Exercise brief:
Go through the records below and copy out every line that contains the word "time".

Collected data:
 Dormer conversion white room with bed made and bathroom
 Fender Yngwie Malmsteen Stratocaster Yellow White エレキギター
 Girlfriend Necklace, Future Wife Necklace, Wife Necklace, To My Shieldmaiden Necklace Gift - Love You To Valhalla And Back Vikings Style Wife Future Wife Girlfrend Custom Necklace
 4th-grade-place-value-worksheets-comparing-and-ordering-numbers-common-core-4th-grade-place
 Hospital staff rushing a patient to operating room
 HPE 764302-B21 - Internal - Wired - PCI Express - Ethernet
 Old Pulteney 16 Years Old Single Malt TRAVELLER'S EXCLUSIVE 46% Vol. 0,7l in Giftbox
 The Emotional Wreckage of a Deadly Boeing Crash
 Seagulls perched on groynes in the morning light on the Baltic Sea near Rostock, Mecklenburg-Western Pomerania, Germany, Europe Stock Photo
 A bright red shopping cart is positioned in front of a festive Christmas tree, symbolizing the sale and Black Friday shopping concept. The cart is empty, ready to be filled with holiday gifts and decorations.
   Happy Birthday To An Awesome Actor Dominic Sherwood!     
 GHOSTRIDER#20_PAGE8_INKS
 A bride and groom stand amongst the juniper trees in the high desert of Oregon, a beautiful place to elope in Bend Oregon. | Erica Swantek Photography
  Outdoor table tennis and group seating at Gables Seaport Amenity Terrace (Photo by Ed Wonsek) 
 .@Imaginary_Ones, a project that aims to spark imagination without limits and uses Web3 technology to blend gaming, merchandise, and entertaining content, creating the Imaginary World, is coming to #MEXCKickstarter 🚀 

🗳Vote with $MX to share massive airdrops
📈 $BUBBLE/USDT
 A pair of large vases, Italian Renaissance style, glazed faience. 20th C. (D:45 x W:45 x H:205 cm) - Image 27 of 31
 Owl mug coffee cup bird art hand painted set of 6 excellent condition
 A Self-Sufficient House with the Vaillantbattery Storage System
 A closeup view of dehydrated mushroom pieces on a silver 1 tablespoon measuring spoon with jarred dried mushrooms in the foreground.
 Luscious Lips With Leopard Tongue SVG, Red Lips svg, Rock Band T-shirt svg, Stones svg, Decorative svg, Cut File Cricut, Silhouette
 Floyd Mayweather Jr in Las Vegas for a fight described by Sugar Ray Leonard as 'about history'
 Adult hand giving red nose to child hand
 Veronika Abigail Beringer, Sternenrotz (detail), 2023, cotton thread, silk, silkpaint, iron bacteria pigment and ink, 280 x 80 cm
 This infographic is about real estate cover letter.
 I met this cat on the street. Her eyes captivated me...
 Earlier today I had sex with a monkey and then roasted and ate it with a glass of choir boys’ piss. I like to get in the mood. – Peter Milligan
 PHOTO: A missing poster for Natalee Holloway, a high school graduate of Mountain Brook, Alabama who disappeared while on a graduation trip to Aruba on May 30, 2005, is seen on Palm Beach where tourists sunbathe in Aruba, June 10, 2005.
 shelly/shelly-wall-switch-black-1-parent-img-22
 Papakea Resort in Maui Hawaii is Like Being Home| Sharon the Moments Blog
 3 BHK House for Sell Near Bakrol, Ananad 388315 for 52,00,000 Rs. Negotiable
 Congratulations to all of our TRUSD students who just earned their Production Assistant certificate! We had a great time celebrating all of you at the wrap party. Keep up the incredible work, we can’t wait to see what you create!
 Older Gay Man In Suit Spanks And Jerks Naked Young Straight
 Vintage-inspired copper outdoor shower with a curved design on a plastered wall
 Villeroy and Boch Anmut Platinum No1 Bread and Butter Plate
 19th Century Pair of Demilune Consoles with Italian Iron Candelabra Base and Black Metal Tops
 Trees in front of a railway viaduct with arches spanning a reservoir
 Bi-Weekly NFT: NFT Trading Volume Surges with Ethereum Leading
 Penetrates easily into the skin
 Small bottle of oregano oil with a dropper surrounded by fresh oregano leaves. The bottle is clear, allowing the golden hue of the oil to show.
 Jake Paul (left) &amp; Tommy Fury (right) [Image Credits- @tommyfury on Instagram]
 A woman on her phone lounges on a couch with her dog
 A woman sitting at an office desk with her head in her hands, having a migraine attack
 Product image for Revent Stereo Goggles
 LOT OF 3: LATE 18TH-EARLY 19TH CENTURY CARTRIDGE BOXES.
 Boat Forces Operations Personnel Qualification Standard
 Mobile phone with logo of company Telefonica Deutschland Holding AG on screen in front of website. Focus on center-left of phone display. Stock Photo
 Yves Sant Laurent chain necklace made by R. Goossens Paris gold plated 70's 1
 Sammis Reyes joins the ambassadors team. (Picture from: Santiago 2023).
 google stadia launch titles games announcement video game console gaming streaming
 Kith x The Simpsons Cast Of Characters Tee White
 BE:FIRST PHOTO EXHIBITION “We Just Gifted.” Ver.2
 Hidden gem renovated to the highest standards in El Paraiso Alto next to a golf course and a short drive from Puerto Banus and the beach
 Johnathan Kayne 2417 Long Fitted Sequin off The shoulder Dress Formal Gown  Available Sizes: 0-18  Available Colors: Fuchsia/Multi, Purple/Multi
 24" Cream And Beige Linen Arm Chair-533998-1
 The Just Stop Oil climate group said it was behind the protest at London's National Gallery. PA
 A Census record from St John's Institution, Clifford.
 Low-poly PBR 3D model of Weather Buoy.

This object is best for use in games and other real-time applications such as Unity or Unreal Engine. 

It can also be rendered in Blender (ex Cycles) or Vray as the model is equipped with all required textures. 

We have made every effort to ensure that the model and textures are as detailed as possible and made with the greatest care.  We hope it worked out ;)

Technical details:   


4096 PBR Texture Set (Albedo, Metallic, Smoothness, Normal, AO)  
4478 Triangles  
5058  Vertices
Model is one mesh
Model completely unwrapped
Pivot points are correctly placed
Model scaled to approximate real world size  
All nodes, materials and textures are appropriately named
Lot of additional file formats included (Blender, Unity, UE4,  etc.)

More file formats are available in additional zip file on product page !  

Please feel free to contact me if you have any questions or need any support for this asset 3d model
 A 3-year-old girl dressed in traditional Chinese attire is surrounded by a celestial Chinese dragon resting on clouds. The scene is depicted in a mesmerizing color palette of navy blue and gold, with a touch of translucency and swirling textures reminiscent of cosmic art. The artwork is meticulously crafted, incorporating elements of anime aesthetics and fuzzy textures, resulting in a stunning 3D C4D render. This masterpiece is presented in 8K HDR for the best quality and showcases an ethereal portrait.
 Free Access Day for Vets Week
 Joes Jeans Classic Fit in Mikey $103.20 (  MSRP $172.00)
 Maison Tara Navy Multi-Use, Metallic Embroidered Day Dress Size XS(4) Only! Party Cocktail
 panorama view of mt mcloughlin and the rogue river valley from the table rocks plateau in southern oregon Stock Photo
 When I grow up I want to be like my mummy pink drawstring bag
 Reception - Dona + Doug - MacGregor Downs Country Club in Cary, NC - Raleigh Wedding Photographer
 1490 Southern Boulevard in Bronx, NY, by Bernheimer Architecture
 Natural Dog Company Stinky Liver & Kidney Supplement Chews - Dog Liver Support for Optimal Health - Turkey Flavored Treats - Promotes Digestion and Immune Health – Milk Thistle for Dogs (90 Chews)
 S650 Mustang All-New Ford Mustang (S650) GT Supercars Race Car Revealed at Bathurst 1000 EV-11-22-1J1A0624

Answer to this problem:
 Congratulations to all of our TRUSD students who just earned their Production Assistant certificate! We had a great time celebrating all of you at the wrap party. Keep up the incredible work, we can’t wait to see what you create!
This object is best for use in games and other real-time applications such as Unity or Unreal Engine. 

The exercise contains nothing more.